Nous entendons par là ceux qui, propriétaires, fermiers ou métayers exploitent des terres de superficie réduite, de qualité secondaire, ou qui ne possèdent pas le capital nécessaire pour outiller leur exploitation.
Disons que toutes les petites exploitations organisées sur des terres fertiles, bien rassemblées et de gros rendement connaissent la prospérité ; que là même où elles sont en difficulté par insuffisance d’équipement, il ne tient qu’à ceux qui les exploitent de sortir de cette situation par la coopération.
Quant aux premières économies elles sont condamnées à l’abandon ou à la centralisation. Les meilleures seront absorbées par des exploitations voisines et stables. Les autres retourneront à la friche ou seront réalisées par les Services des Eaux et forêts. En dépit de tous les discours l’agriculture marche vers la centralisation, partout où des exploitations déficientes cessent d’être « rentables ».
À ce sujet expliquons-nous clairement : Qu’est-ce qu’une exploitation non rentable ? C’est une propriété dont l’exploitation ne laisse aucun bénéfice ou des profits insuffisants. Est-ce à dire que l’exploitation de ces sols est sans intérêt pour la consommation ? Non. Mais en régime capitaliste, là où l’exploitation n’est pas rentable, on est obligé de l’abandonner quel que soit la qualité ou l’intérêt de sa production ; ce qui ne serait pas toujours nécessaire sous un régime de distribution gratuite.

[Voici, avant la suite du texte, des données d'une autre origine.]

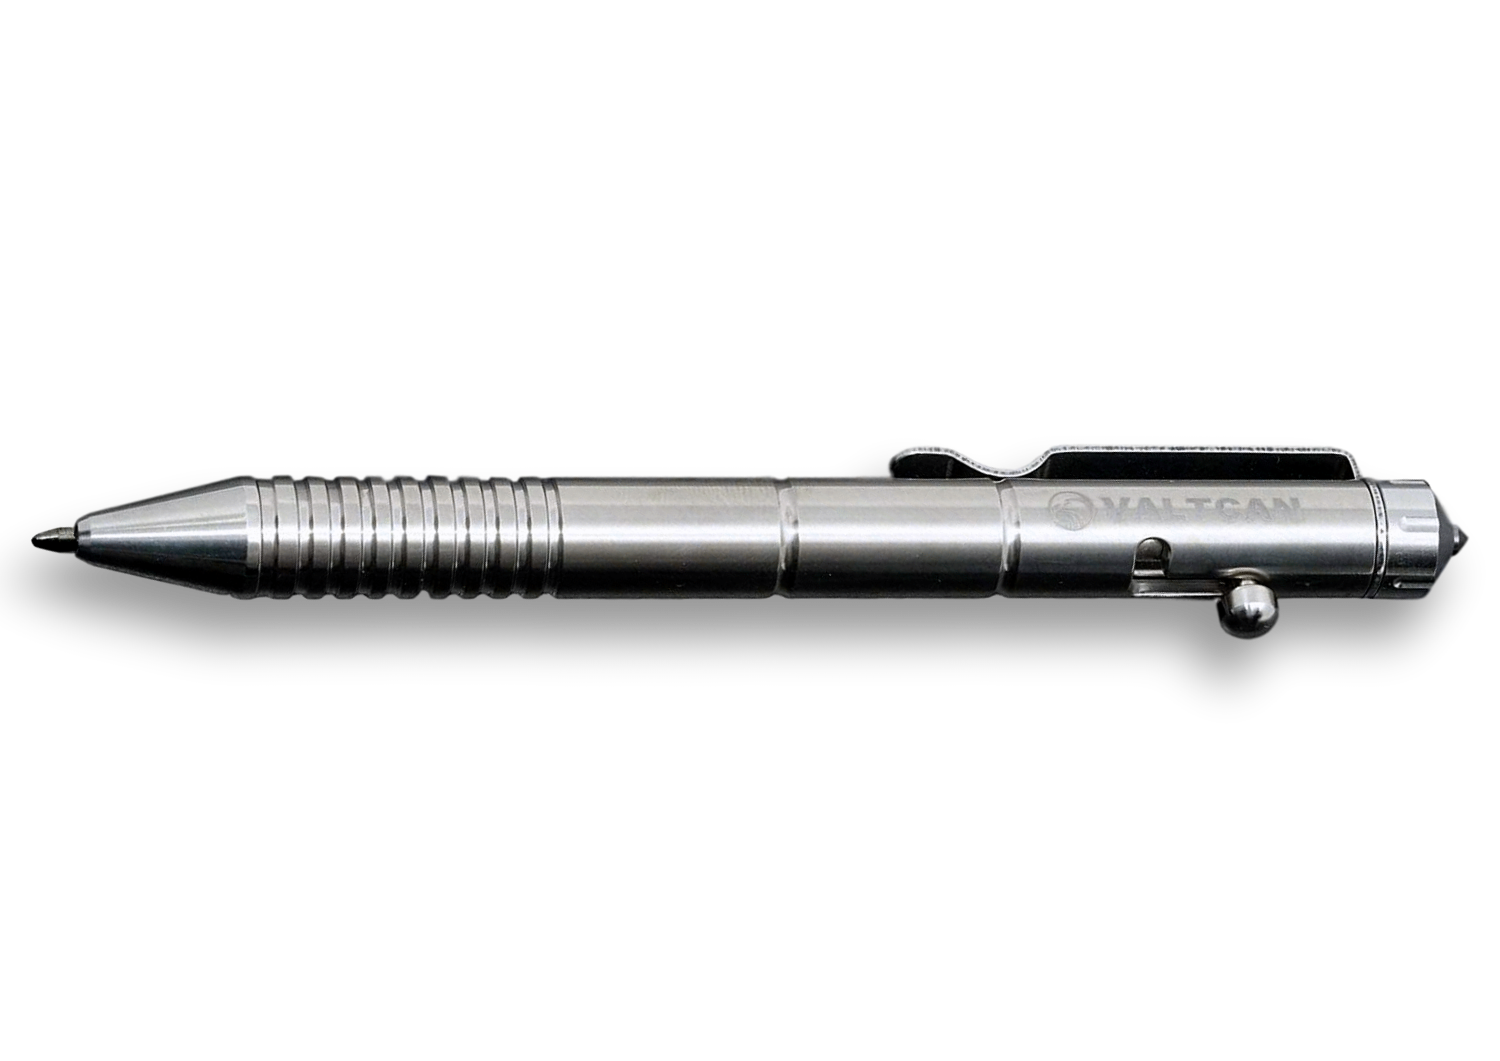 Valtcan Titanium Pen Gear Design for EDC

La centralisation agricole agglomère donc à des exploitations « viables » des terres de qualité secondaire qui, la plupart du temps deviendront des pacages. Mais la centralisation se réalise également sur le terrain de la coopération. C’est la formule la plus intéressante puisqu’elle intègre en des économies « d’entr’aide » des exploitations dispersées.
Coopératives d’achat et de vente, de fabrication, de mise en commun de matériel. Il est à souhaiter que cette coopération active s’oriente peu à peu vers une forme d’exploitation en commun d’économies individuelles ou familiales.
Enfin, si difficiles que soient parfois les conditions d’existence de la petite paysannerie, nous ne pouvons l’orienter que vers des fins coopératives. La concentration agricole n’est pas une menace pour les petits exploitants, mais un avertissement qui peut donner les meilleurs résultats ; c’est-à-dire : dissiper les préjugés, ouvrir les yeux à l’égoïsme et entraîner la paysannerie vers la forme la plus heureuse de la vie agricole : l’association, la coopération.
Quand les paysans seront pénétrés par l’esprit coopératif, par un sentiment d’entraide, peut-être qu’alors le problème de la consommation leur apparaîtra dans ses nécessités à la fois physiques, sociales et humaines.
Les libertaires sont aussi hostiles à la propriété agricole qu’à la propriété industrielle. L’usine comme les champs sont des terres de production. Comme telles elles appartiennent aux consommateurs.
Tous les producteurs de l’usine ou des champs doivent être, sans privilège d’aucune sorte, les artisans bienfaisants de la prospérité et de la sécurité sociale.
Le Grand problème de l’agriculture, qui est le problème initial, est celui-ci : Comment mettre à la disposition des consommateurs le maximum de biens de consommation ? Comment les produire et les distribuer de telle façon que tous les besoins soient couverts et que les producteurs retirent de leurs efforts la sécurité sociale maxima ?
Toutes les autres luttes sont des guerres qui commencent au village pour s’étendre bientôt à la terre entière.